## The task
Start at the line in the entries below that contains "WITH LISA LAMPANELLI!⭐", stop at the line that contains "Method for the", and output exactly the lines in that span, both ends included.

## Material provided

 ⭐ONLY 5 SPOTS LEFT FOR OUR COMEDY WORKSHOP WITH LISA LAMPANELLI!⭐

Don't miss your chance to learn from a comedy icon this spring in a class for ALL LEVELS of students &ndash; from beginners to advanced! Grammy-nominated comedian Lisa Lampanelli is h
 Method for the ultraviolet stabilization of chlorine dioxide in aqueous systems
--
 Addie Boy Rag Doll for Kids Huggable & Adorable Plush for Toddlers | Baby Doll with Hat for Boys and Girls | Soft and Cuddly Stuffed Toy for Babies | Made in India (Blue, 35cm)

## Answer area
 ⭐ONLY 5 SPOTS LEFT FOR OUR COMEDY WORKSHOP WITH LISA LAMPANELLI!⭐

Don't miss your chance to learn from a comedy icon this spring in a class for ALL LEVELS of students &ndash; from beginners to advanced! Grammy-nominated comedian Lisa Lampanelli is h
 Method for the ultraviolet stabilization of chlorine dioxide in aqueous systems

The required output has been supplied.